Soldering Crimped Connections


In the minds of some customers, fortunately a diminishing minority, the reliability of crimped connections can be improved by soldering. In fact, soldering can degrade the performance of properly crimped connections. Such degradation can arise from the effects of soldering temperatures, the potential corrosion from improper cleaning of soldering fluxes and the effects of solder wicking on the conductors. Solder wicking causes the multi-strand conductors, which have high flexibility and stability against vibration, to become, effectively, solid which degrades both the performance characteristics mentioned. For these reasons, soldering of crimped connections is not recommended.


Should Solder be Used in Crimps?


Crimps are designed to work without solder or solder-dipped wires. Solder present in a crimp changes the deformation, metal flow, cleaning, welding, and residual force characteristics designed into the crimp. Soldering would be an additional heat producing assembly step. Test results show that soldering or solder-dipping wires before crimping does not produce a termination superior to that obtained in a properly applied crimped termination. Some tests specifically show detrimental effects due to soldering or solder-dipping (e.g. soldered crimp terminations can lose some ability to withstand vibrations and flexing, due to solder embrittlement of the copper wire, and/or due to solder wicking up the strand of stranded wire to form a short length of solid conductor near the
termination). The terminated conductor then does not have the flexure strength characteristic of strand wire, and should behave more like solid wire which fails quickly in flexure testing."

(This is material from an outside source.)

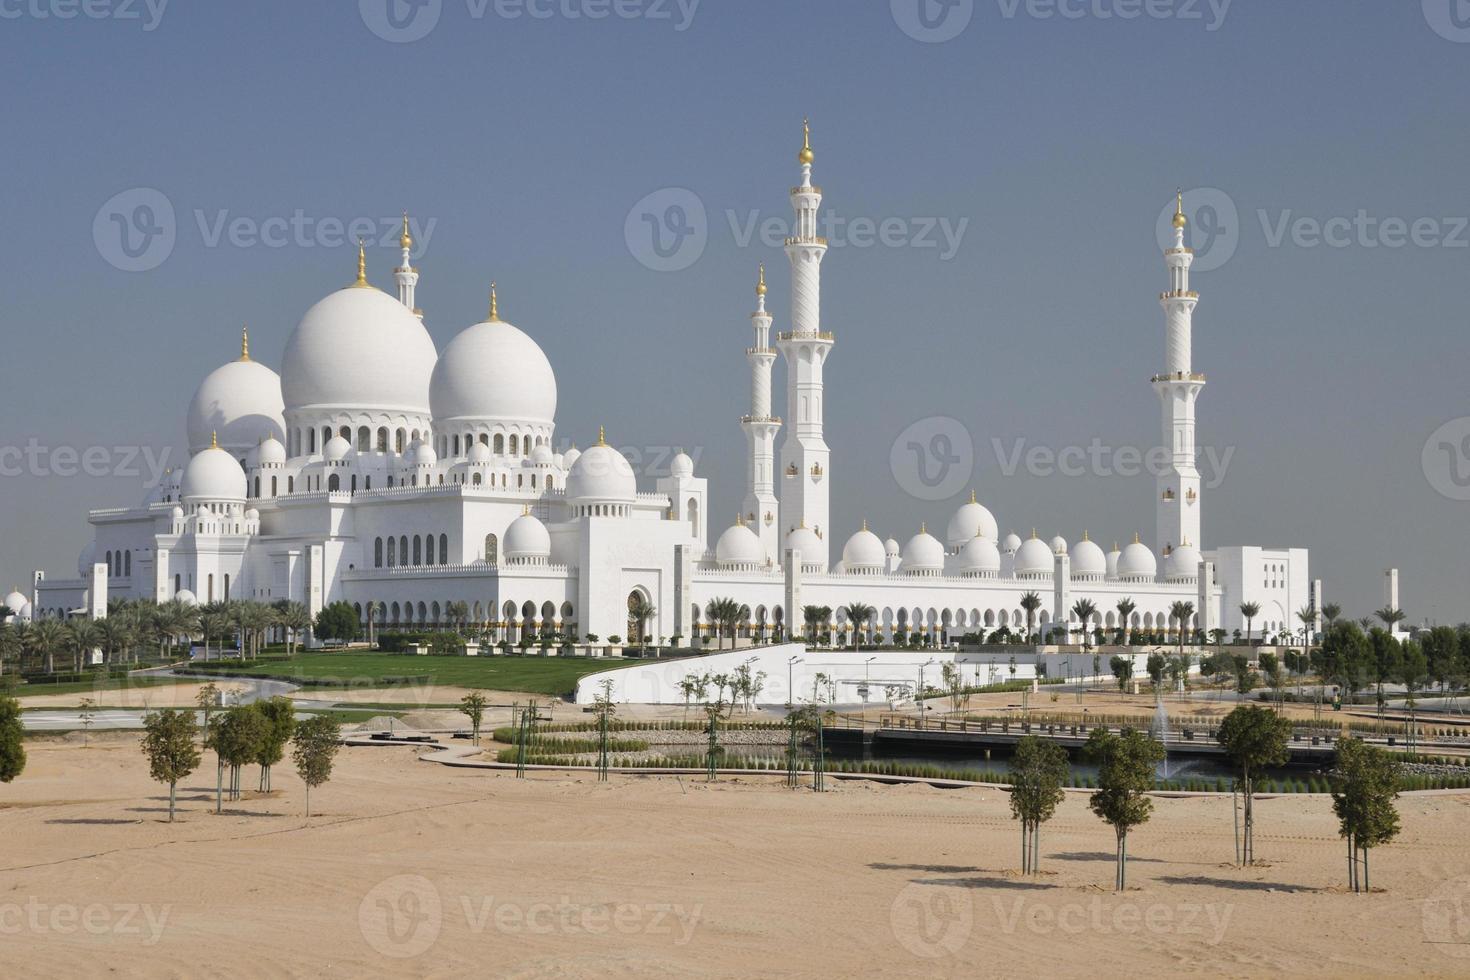 White Sheikh Zayed Mosque in Abu Dhabi photo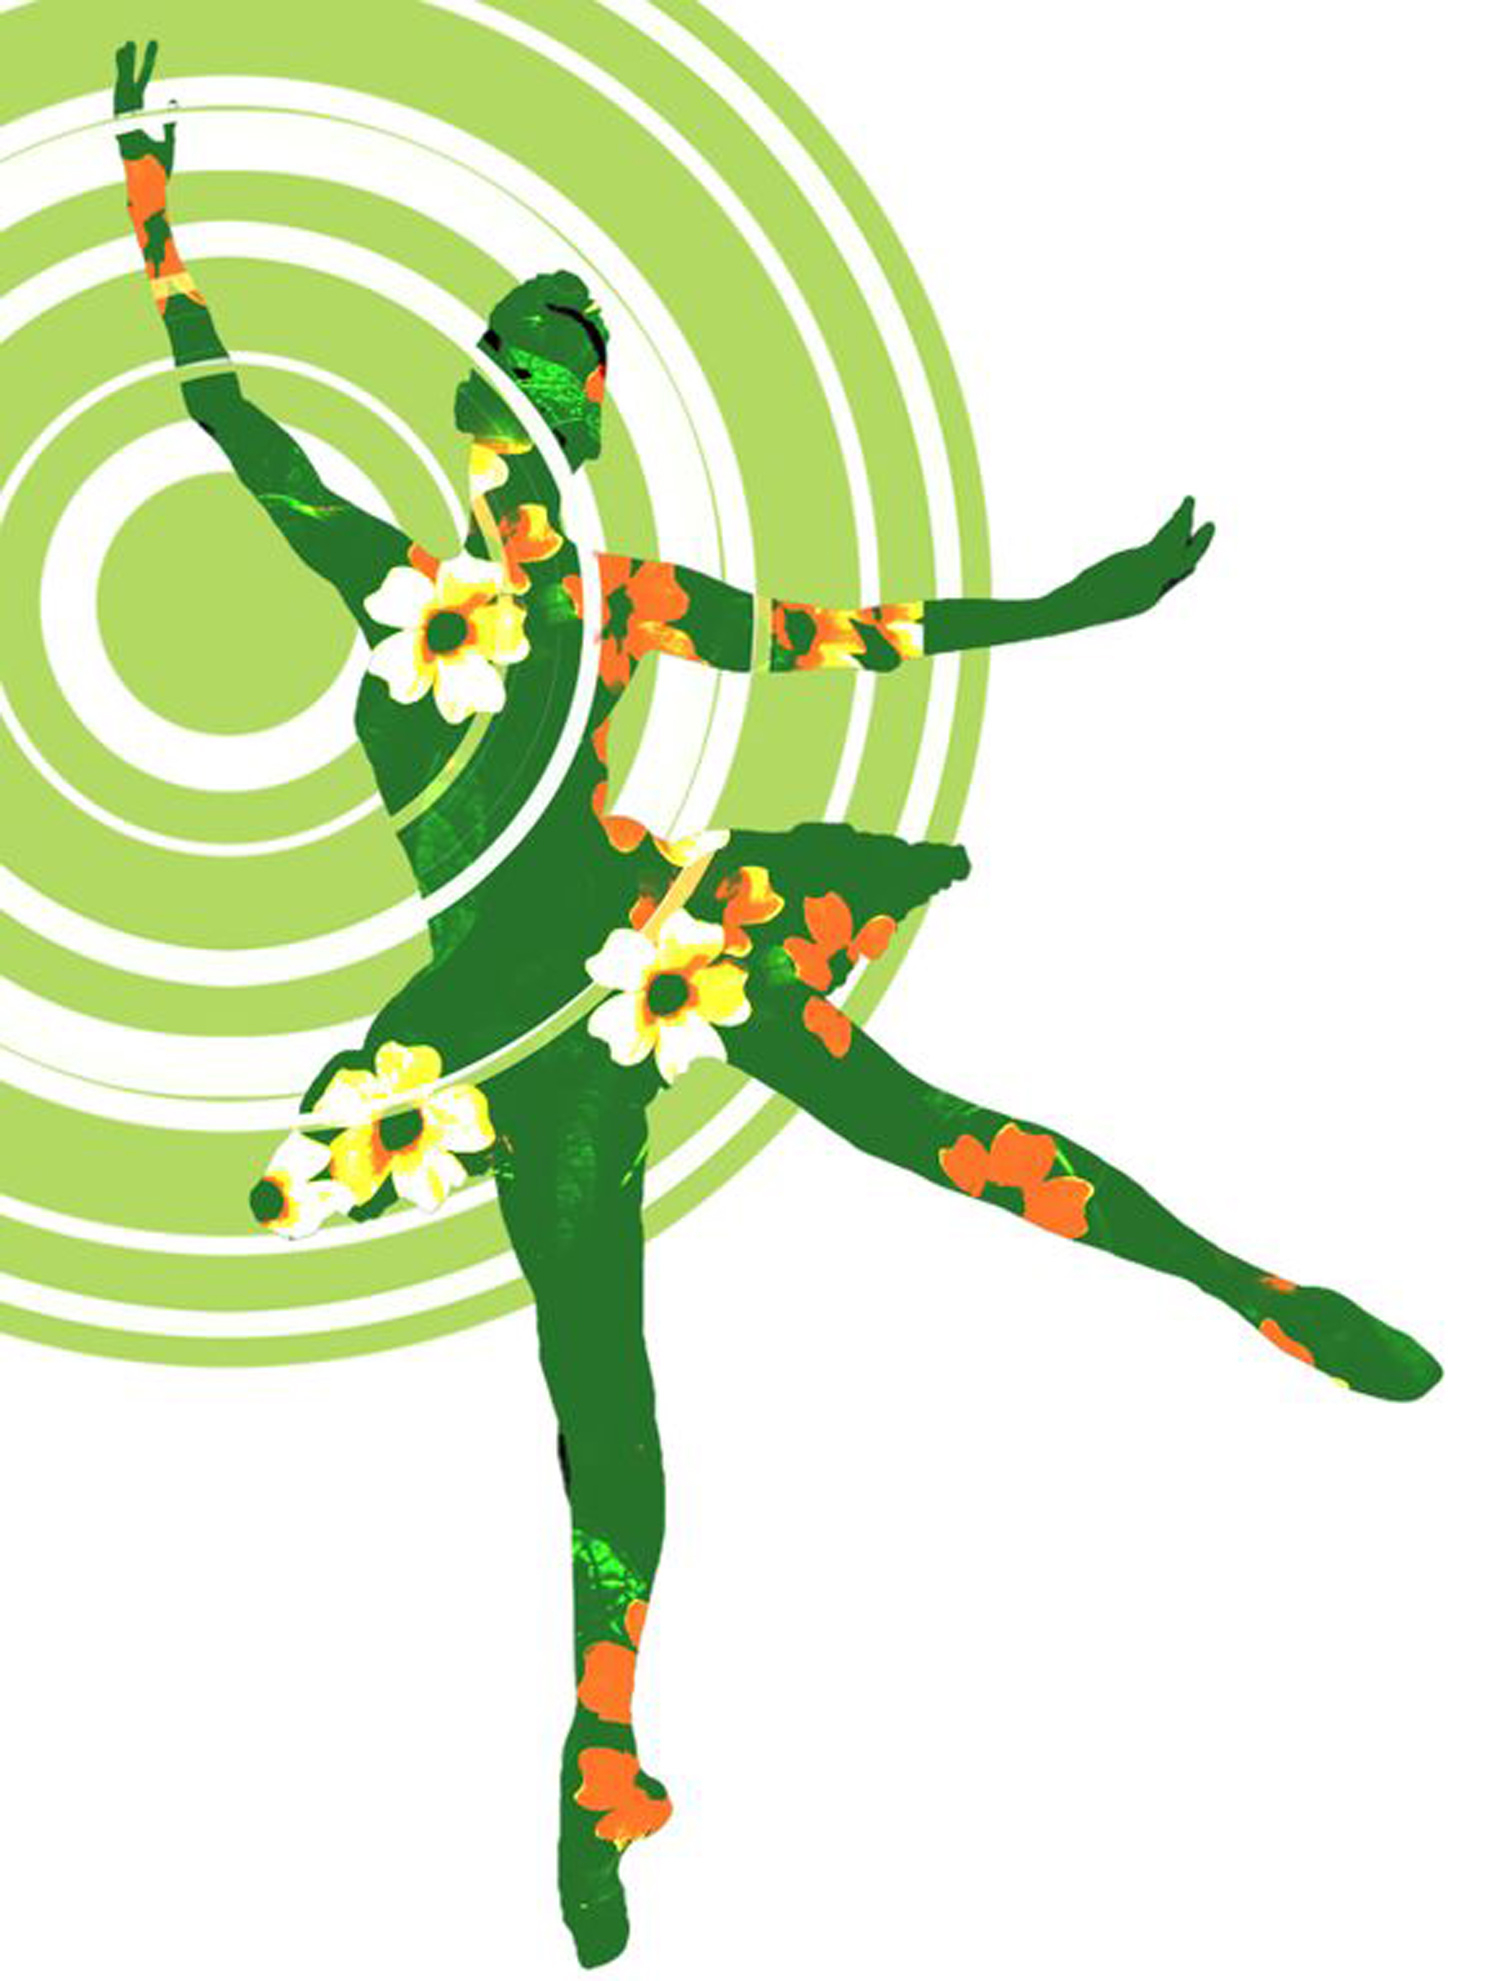 Ballet Dance Energy Choreography

The above is a direct quote from AMP.


PHOTO: The cut open pictured crimp was made with the tool on the left in the bottom photo. An AMP yellow PIDG terminal and an AMP crimp tool. This combination is certified for aerospace use. When crimped with a 12 AWG wire it will also withstand at least 190 pounds of pull out force and do so repeatably within a pound or two every single time. This is 80 pounds beyond Mil Spec!!